In recent years, we’ve abandoned our late night telephone conversations for flirty evocative texts that careen across the 4G matrix well past the midnight hour, circumventing the long established rule of never calling another after ten. But maybe we confine our expressions to words because we crave shared physicality more than ever before, perhaps because it is more easily consummated than at any other time in human history. The phones are parked in our pockets and our purses in the early stages of whatever counts for current courtship, intimating that we are occupying some private shared territory that will never be intruded upon. Dating, like show business, is all about showing up.
We sometimes succumb to cliches, but we can still be surprised by someone else even when we are exhausted. This is the magic and the fluidity of romance. The jittery excitement of meeting someone new or deepening something that seems to be tottering happily along a thrilling edge can turn a seemingly collected and rational mind into a visceral thunderball, prone to wild whims and daring moves that were never staked out on the syllabus.

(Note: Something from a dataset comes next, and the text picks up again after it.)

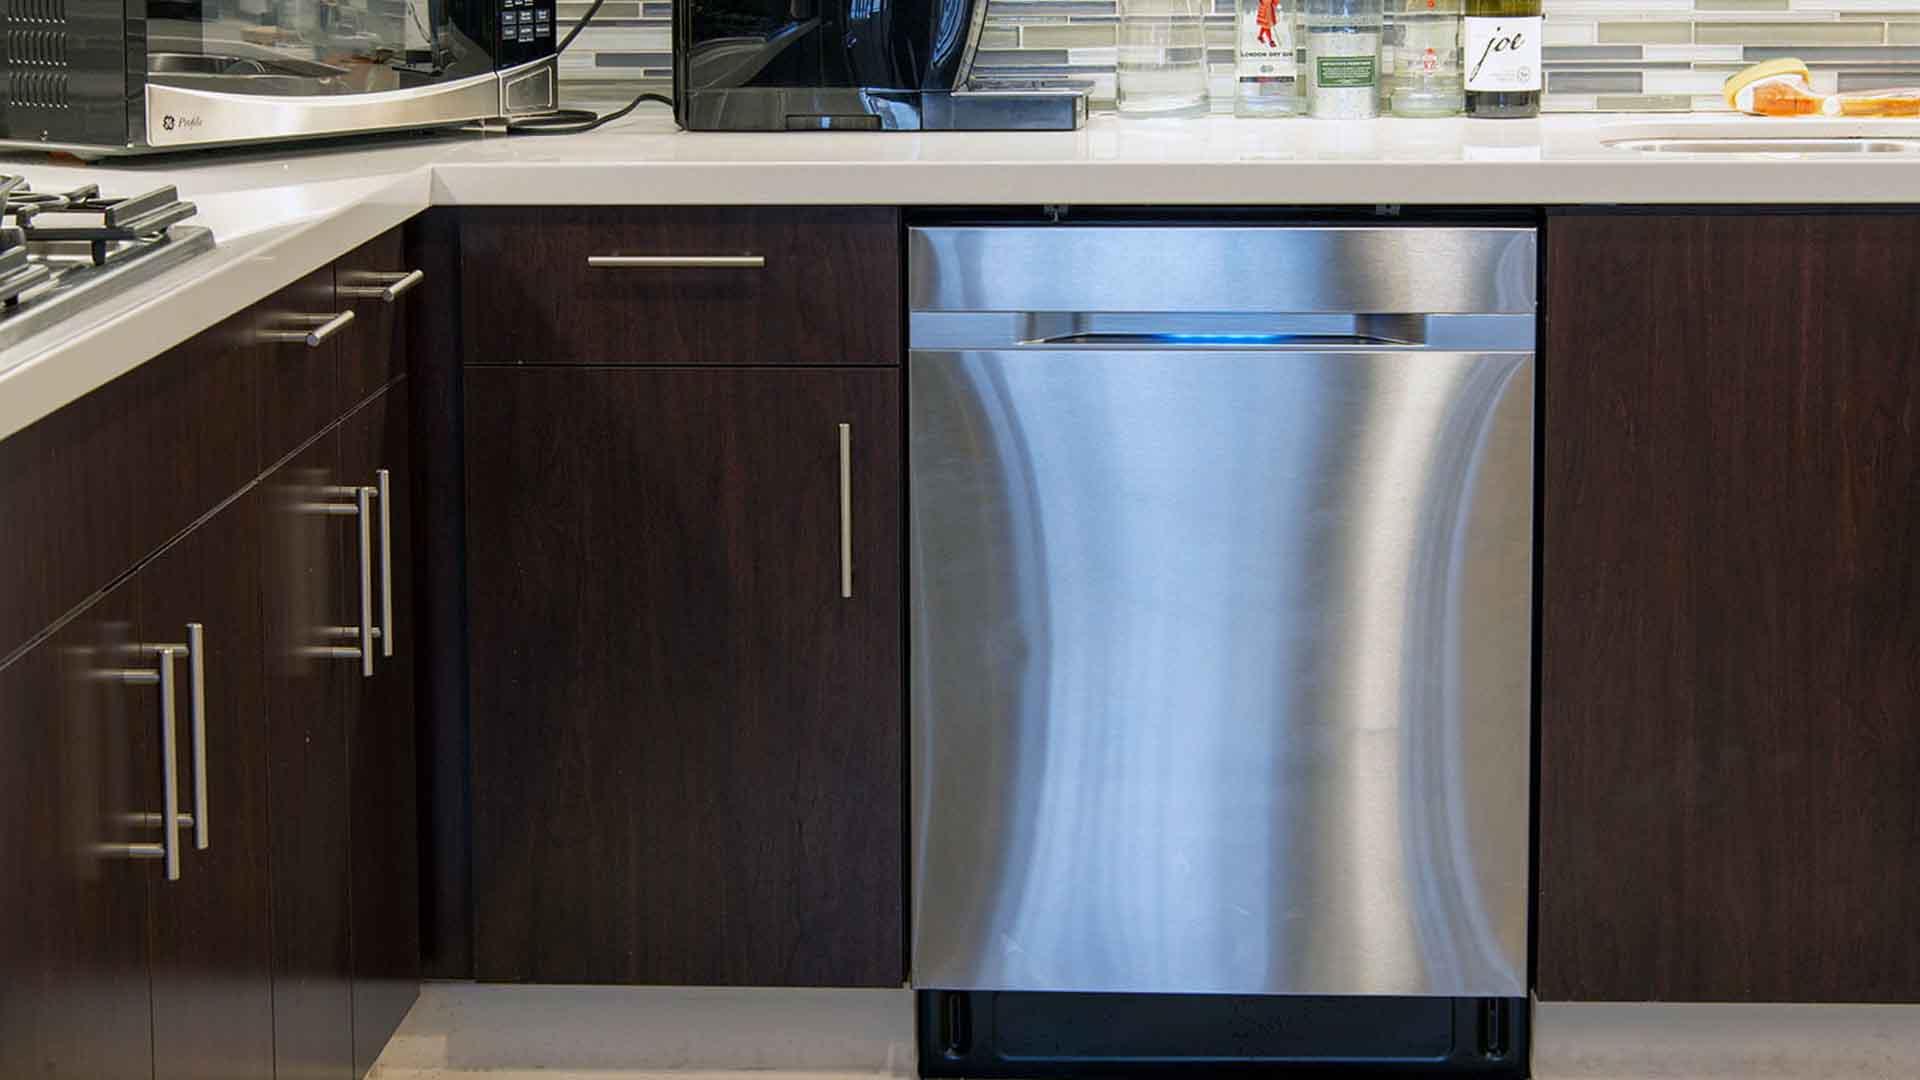 Samsung Dishwasher Repair Service | Samsung Appliance Repair

It becomes easier to listen and glisten and kiss and even miss out. It becomes easier to be courteous even when the date is disastrous. It becomes easier to be honest about whatever it is you truly want. The only requirements for enjoying yourself amid a series of pleasures and mishaps are curiosity and a zest for life. And when someone emerges from the ever rotating throng who is gentle with your ventricles and willing to accept your totality, it can shoot you across the moon in ways that no cosmonaut can mimic.
It will never go the same way. This is the first thing you learn. You are more of a catch than you know. This is the second thing you learn. But there are more important lessons following these obvious revelations.
We learn of our resilience. We learn how many chances we give to other souls. We learn, even the skeptics and the bitter cynics among us, that we allow more idealism in our lives than we are willing to acknowledge. We even learn somehow to be comfortably alone during the breaks. There are patterns, but there are also deviations.
It does not matter how many there are. Equations are meaningless in this journey. There is no need to scribble gibberish upon the theoretical chalkboard of your mind. Some grand soul will emerge, even if for a brief time, if you have the courage and fortitude to go the distance.